Try this @"(\S.+?[.!?])(?=\s+|$)"
:
string str=@"Hello world! How are you? I am fine. This is a difficult sentence because I use I.D.
Newlines should also be accepted. Numbers should not cause sentence breaks, like 1.23.";
Regex rx = new Regex(@"(\S.+?[.!?])(?=\s+|$)");
foreach (Match match in rx.Matches(str)) {
int i = match.Index;
Console.WriteLine(match.Value);
}
Results:
Hello world!
How are you?
I am fine.
This is a difficult sentence because I use I.D.
Newlines should also be accepted.
Numbers should not cause sentence breaks, like 1.23.
For complicated ones, of course, you will need a real parser like SharpNLP or NLTK. Mine is just a quick and dirty one.

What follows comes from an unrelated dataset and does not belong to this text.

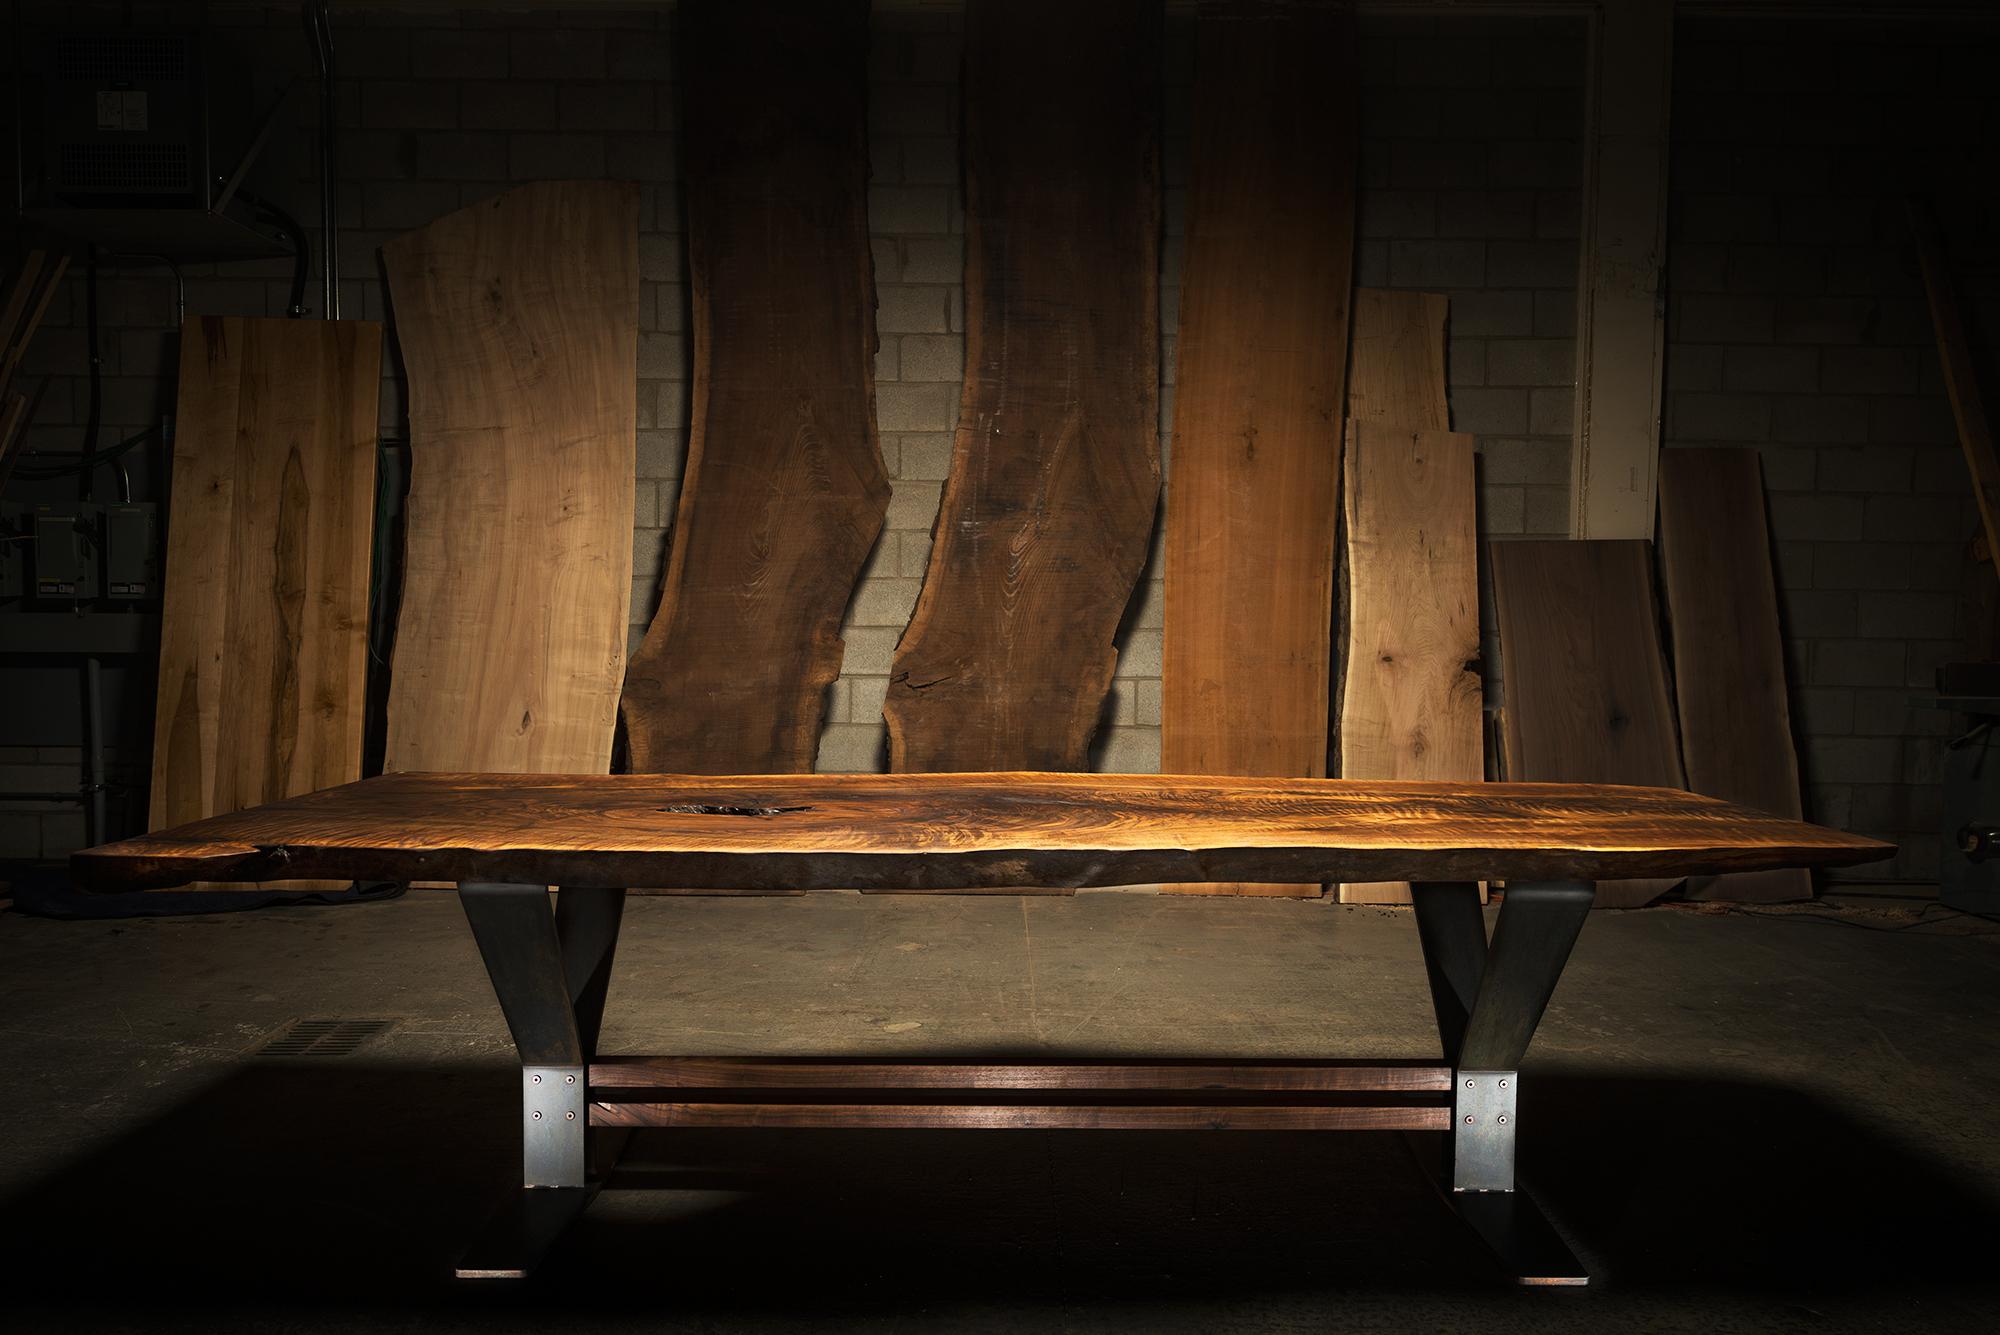 Our Bedford live edge dining table is handmade to order from Claro walnut slabs with a hand rubbed hard wax & oil finish that enhance the real beauty of the wood and give a natural warm touch. The elegant style came from our signature pedestal
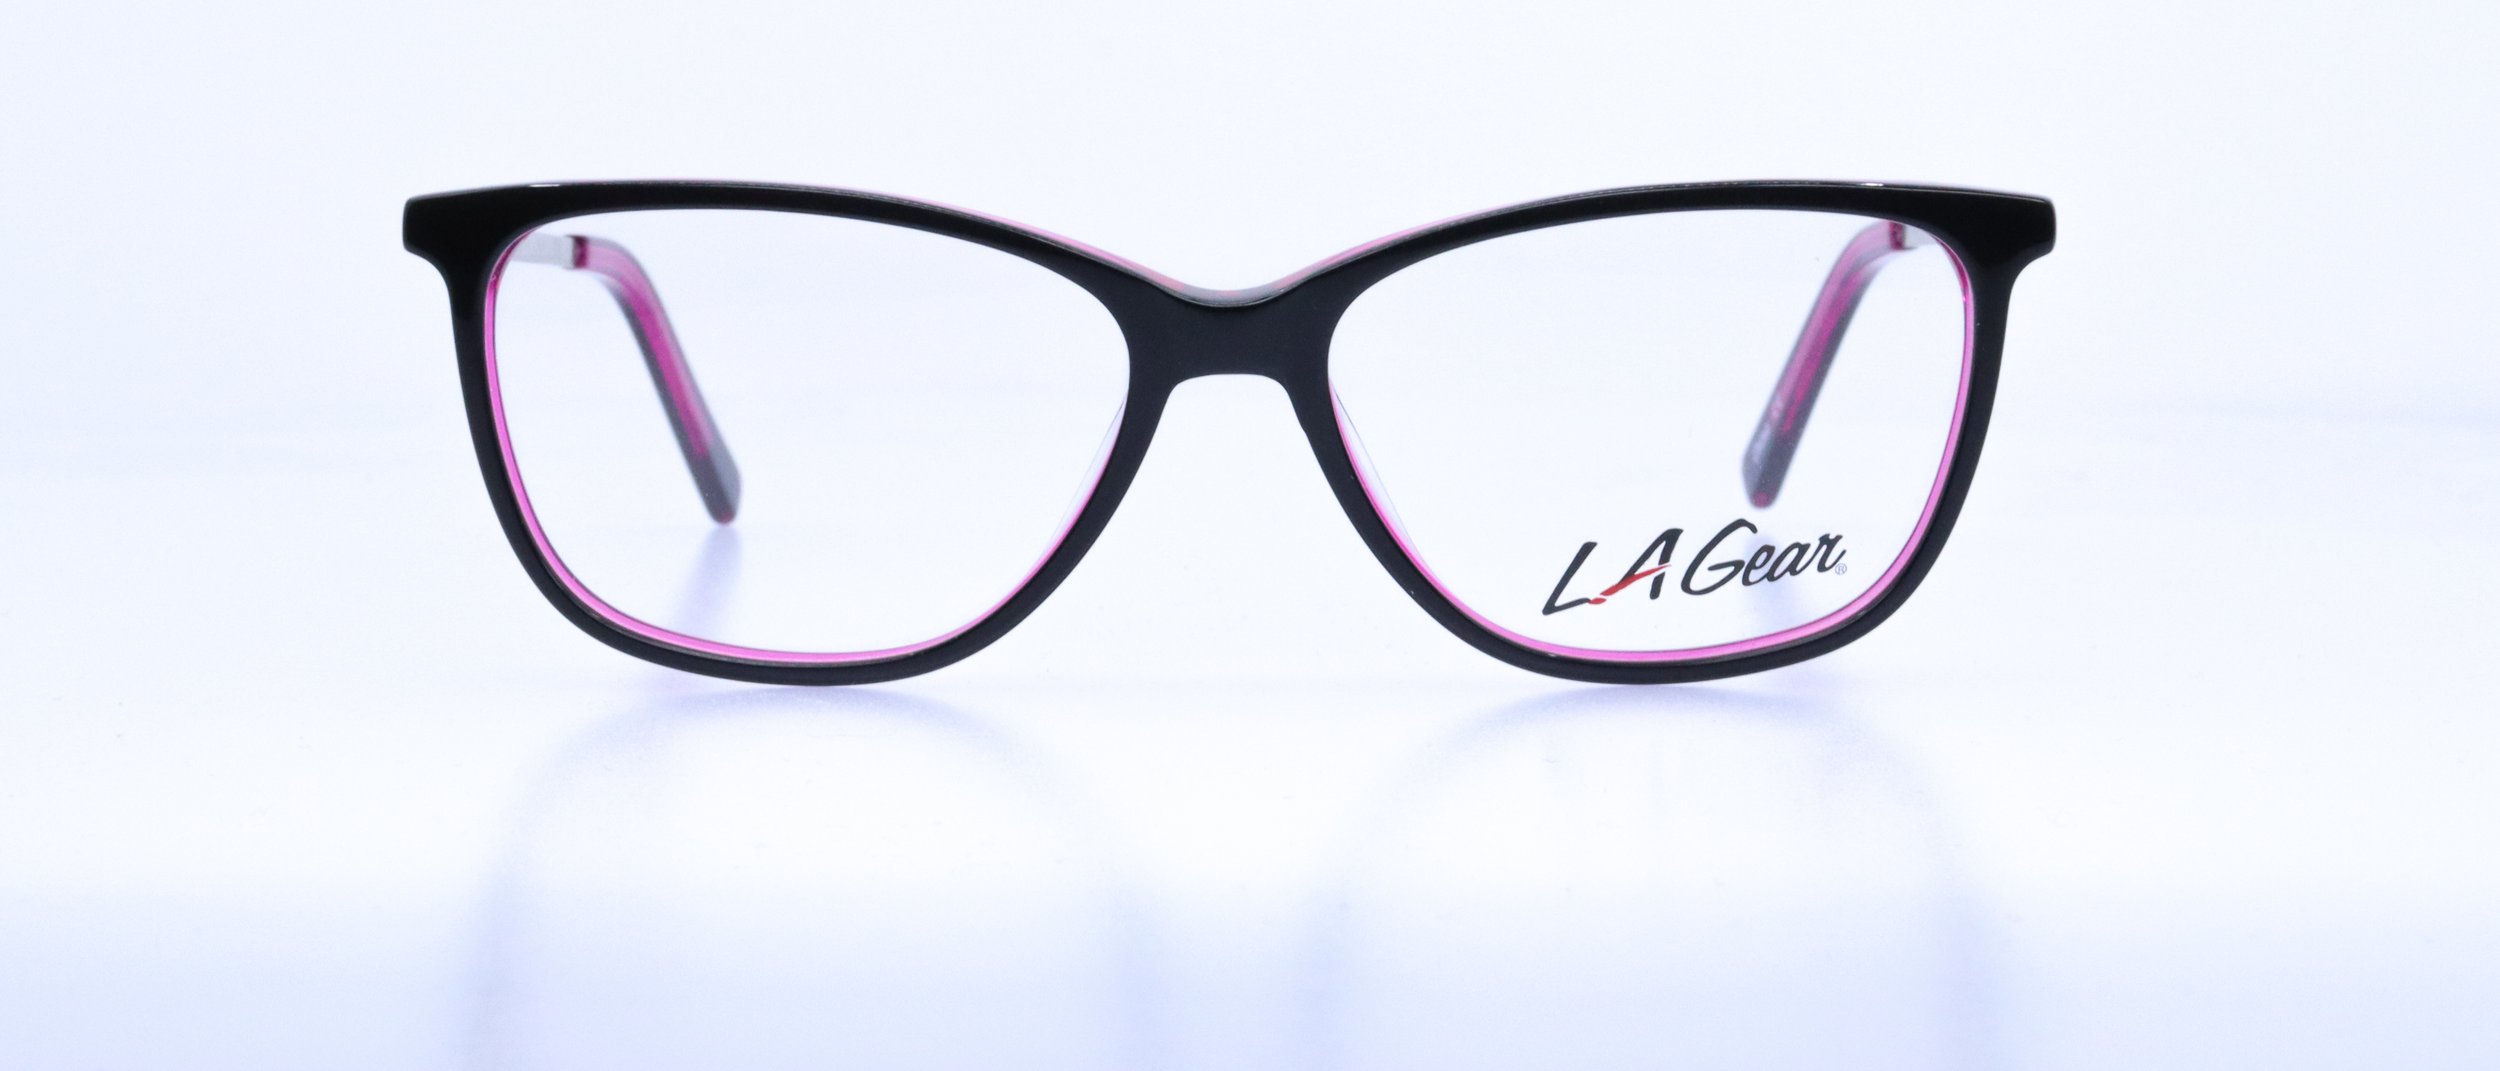  Downtown: 53-15-135, Available in Plum or Tortoise/Brown

Here is the SharpNLP info, and features:
SharpNLP is a collection of natural
language processing tools written in
C#. Currently it provides the
following NLP tools:
- a sentence splitter
- a tokenizer
- a part-of-speech tagger
- a chunker (used to “find non-recursive syntactic annotations such as noun phrase chunks”)
- a parser
- a name finder
- a coreference tool
- an interface to the WordNet lexical database